In this notebook, I will use **plotly.graph_objects** and **plotly.express** for creating plots.

My dataset contains information on approximately 200 million domestic US flights reported to the United States Bureau of Transportation Statistics. The dataset contains basic information about each flight (such as date, time, departure airport, arrival airport) and, if applicable, the amount of time the flight was delayed and information about the reason for the delay. This dataset can be used to predict the likelihood of a flight arriving on time. The data is hosted on Data Asset eXchange and its format is .csv.

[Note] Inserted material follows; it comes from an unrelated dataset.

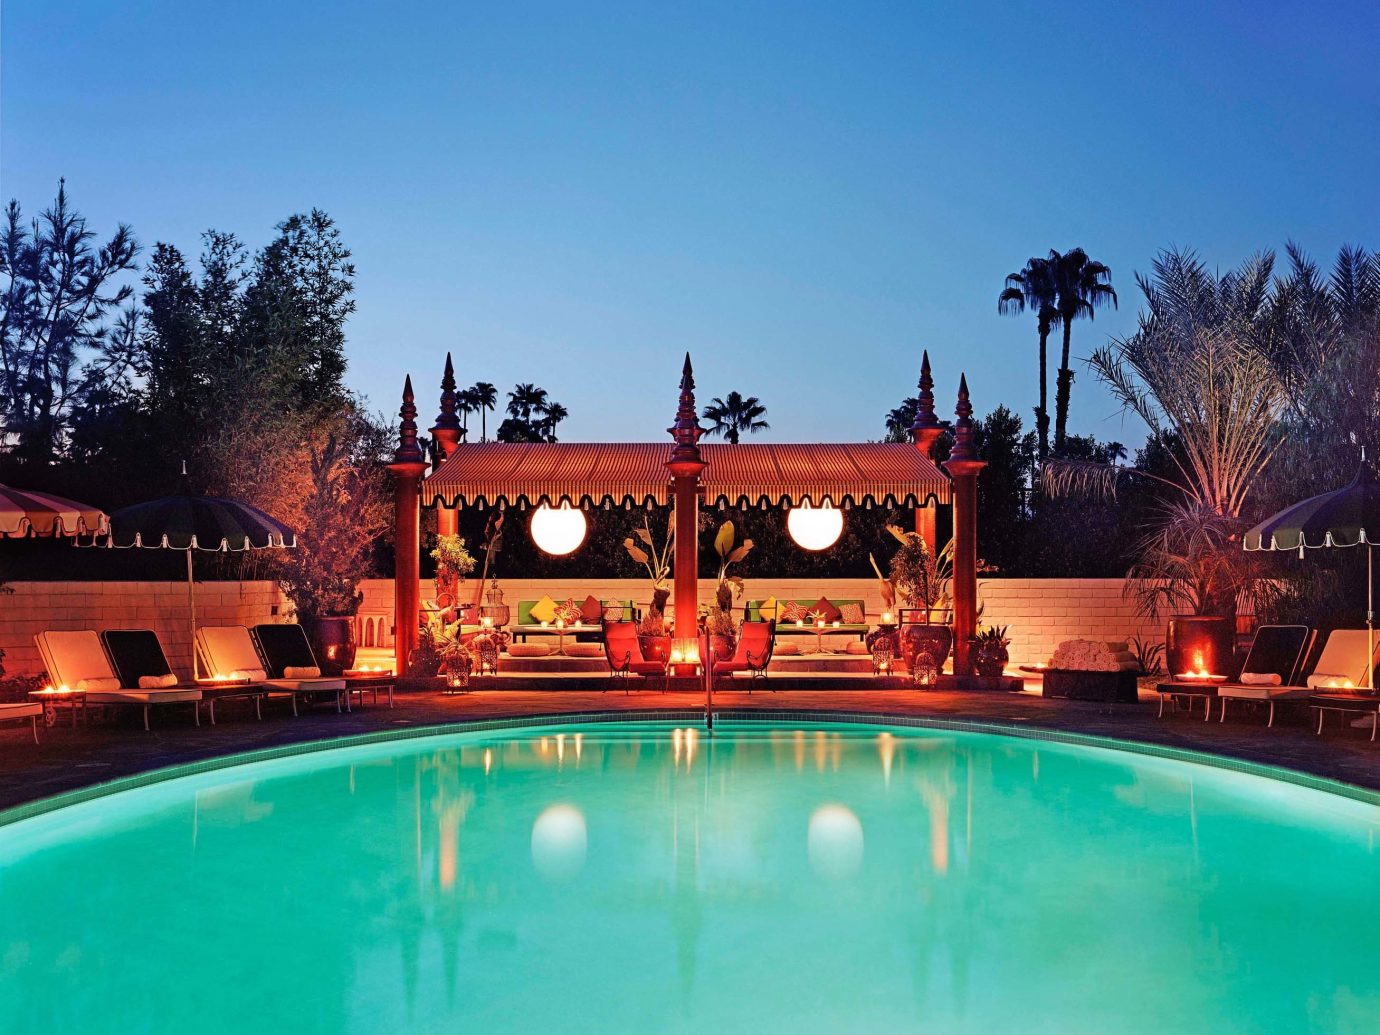 Hotels Pool Romance sky outdoor water swimming pool property building leisure estate Resort mansion Villa hacienda palace blue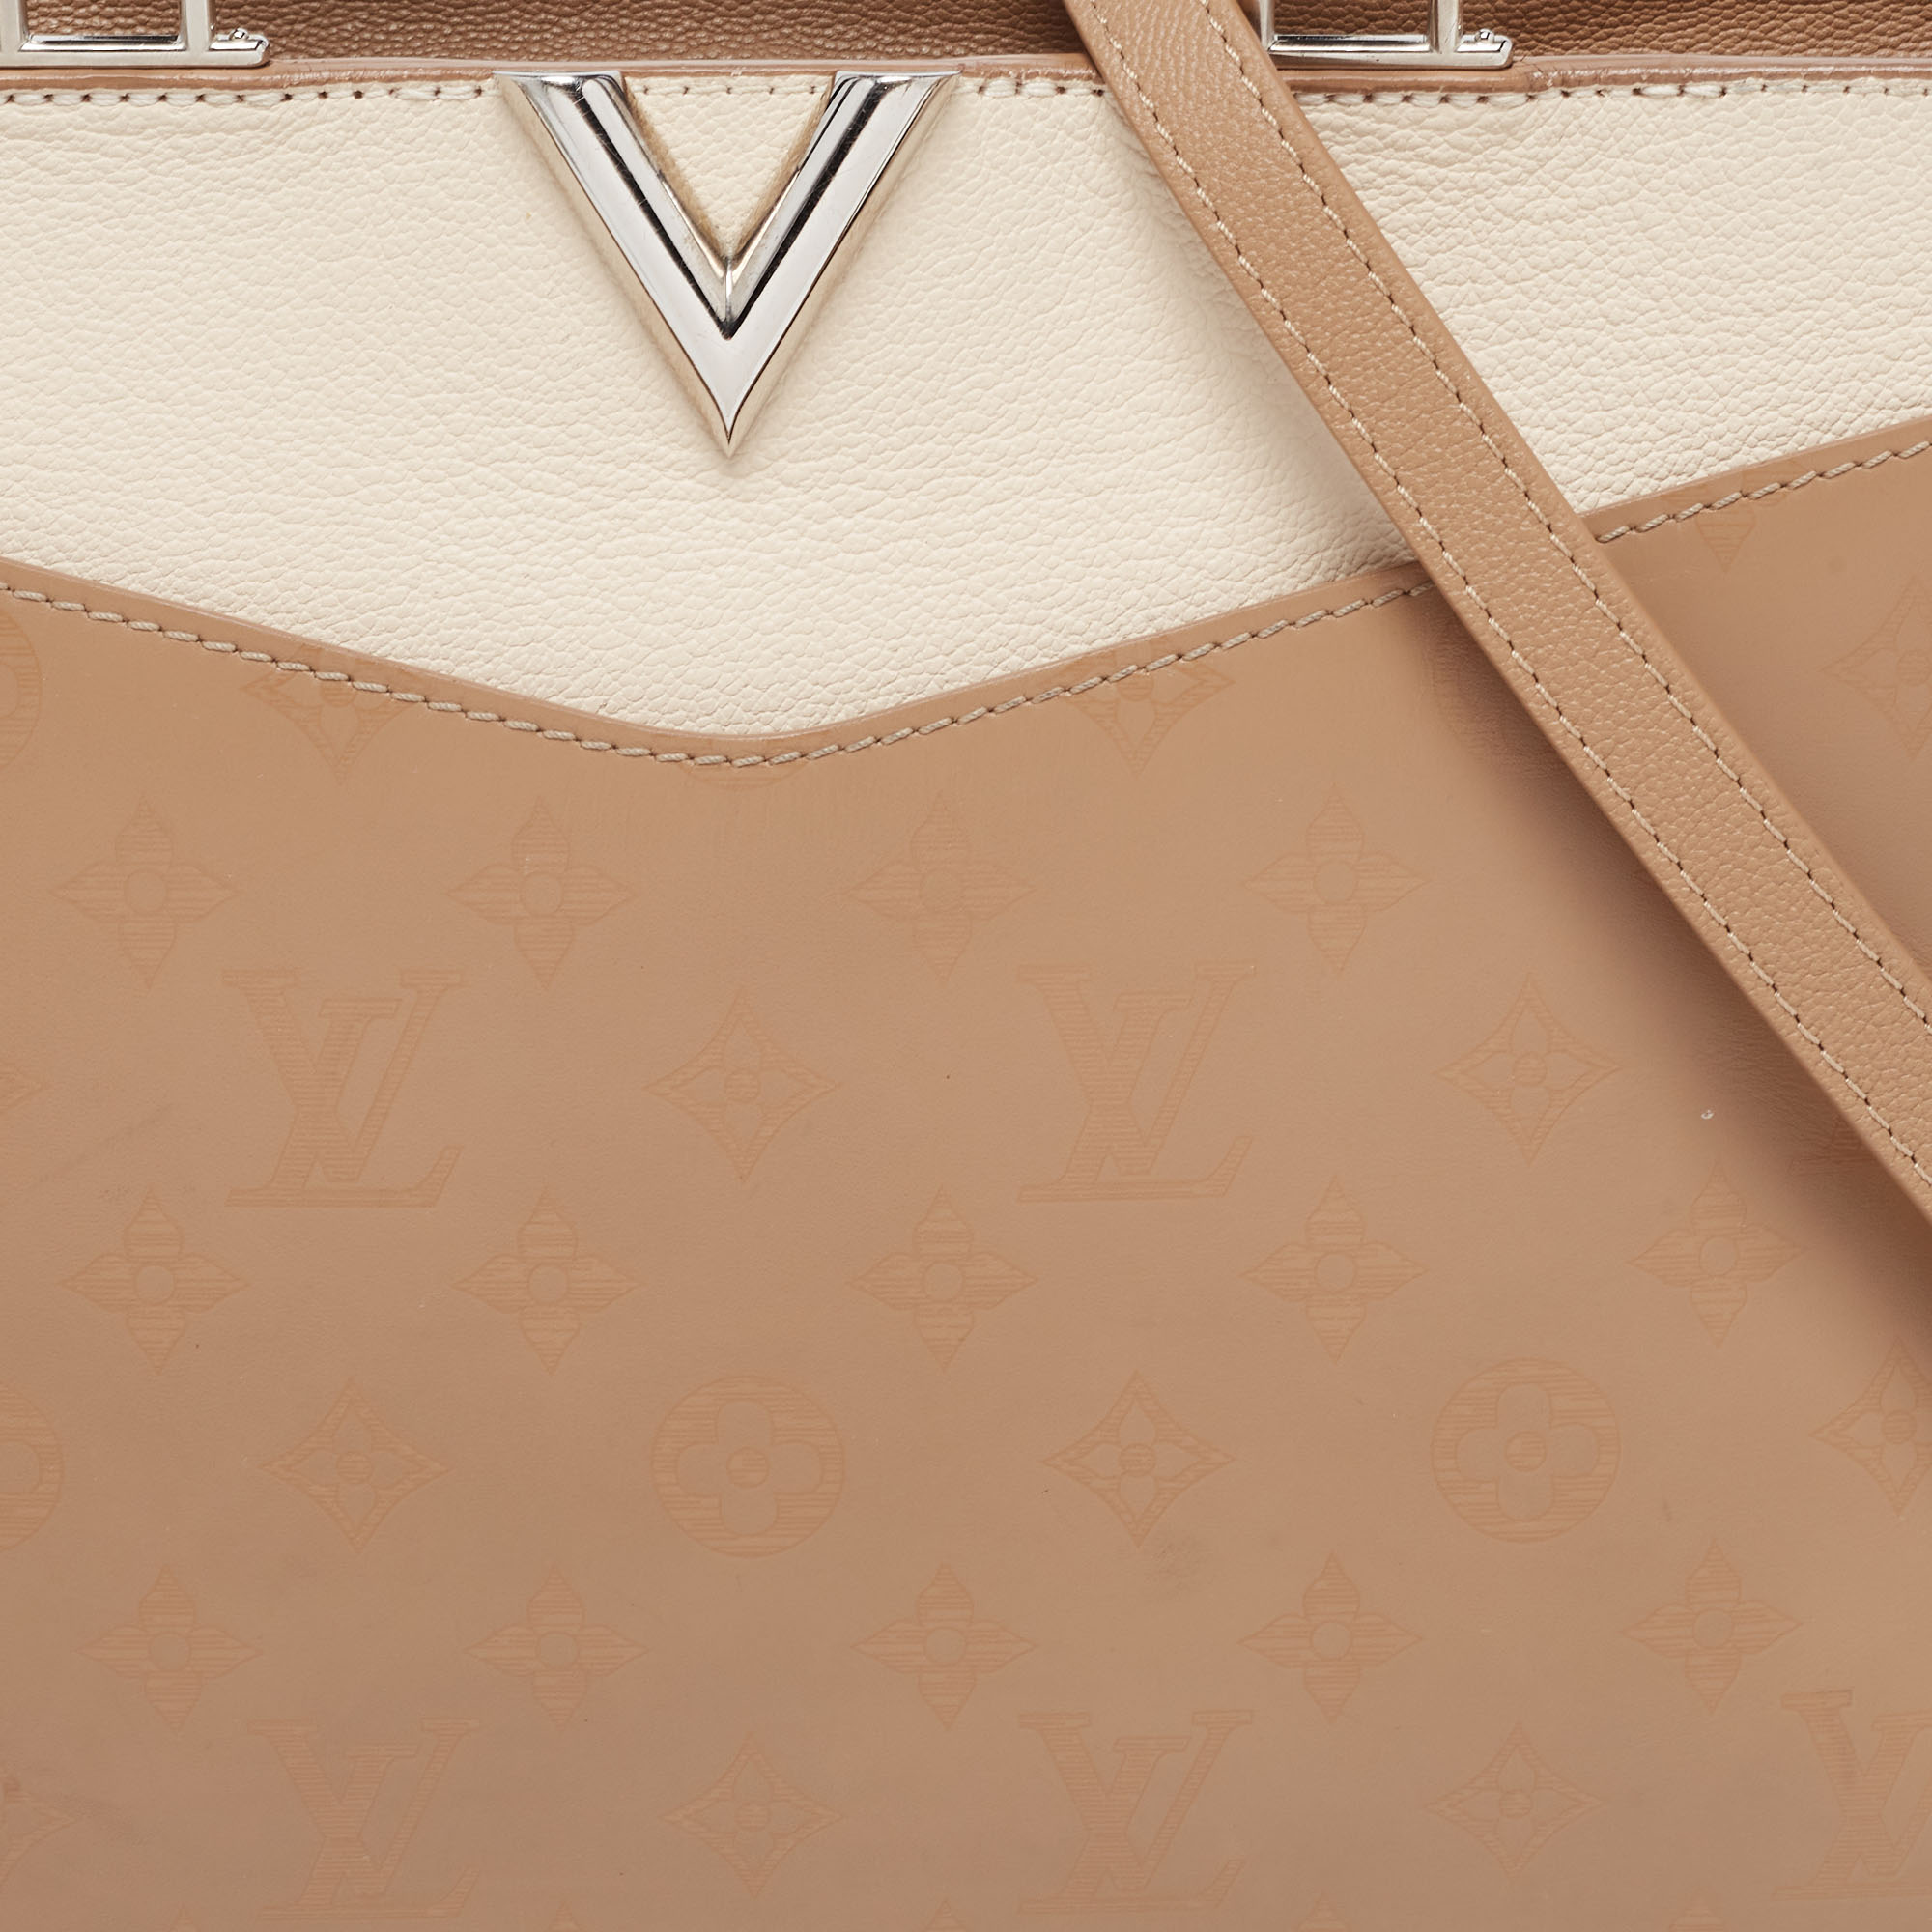 Louis Vuitton Tri Color Leather Monogram Very Zipped Bag

I've uploaded the dataset to Google Drive.

Let's get started!

In [53]:
!pip install -q -U watermark

In [54]:
%reload_ext watermark
%watermark -v -p pandas,plotly

Python implementation: CPython
Python version       : 3.7.14
IPython version      : 7.9.0

pandas: 1.3.5
plotly: 5.5.0



In [55]:
!pip install plotly-express

Looking in indexes: https://pypi.org/simple, https://us-python.pkg.dev/colab-wheels/public/simple/


In [56]:
#import os
#import numpy as np
import pandas as pd
#from tqdm import tqdm
#import seaborn as sns
#from pylab import rcParams
#%matplotlib inline 
#import matplotlib as mpl
#import matplotlib.pyplot as plt
#from matplotlib import rc
#from scipy import stats
#import matplotlib.patches as mpatches
#from PIL import Image
#import folium
#import io
#import json
import plotly.express as px
import plotly.graph_objects as go


In [57]:
from google.colab import drive
drive.mount('/content/gdrive')

Drive already mounted at /content/gdrive; to attempt to forcibly remount, call drive.mount("/content/gdrive", force_remount=True).


In [58]:
!ls '/content/gdrive'

MyDrive


In [59]:
AirlineData = pd.read_csv('/content/gdrive/MyDrive/AirlineData.csv',encoding = "ISO-8859-1")
AirlineData.head(2)

Unnamed: 0.1,Unnamed: 0,Year,Quarter,Month,DayofMonth,DayOfWeek,FlightDate,Reporting_Airline,DOT_ID_Reporting_Airline,IATA_CODE_Reporting_Airline,...,Div4WheelsOff,Div4TailNum,Div5Airport,Div5AirportID,Div5AirportSeqID,Div5WheelsOn,Div5TotalGTime,Div5LongestGTime,Div5WheelsOff,Div5TailNum
0,1295781,1998,2,4,2,4,1998-04-02,AS,19930,AS,...,,,,,,,,,,
1,1125375,2013,2,5,13,1,2013-05-13,EV,20366,EV,...,,,,,,,,,,


In [60]:
AirlineData.shape

(27000, 110)

In [61]:
# Randomly sample 600 data points. I Setg the random state to be 42 so that I get same result.
data = AirlineData.sample(n=600, random_state=42)

data.shape

(600, 110)

- I'm going to apply ***'plotly.graph_objects'*** to discover How departure time changes with respect to airport distance. Let's draw a ***Scatter Plot*** in this section. 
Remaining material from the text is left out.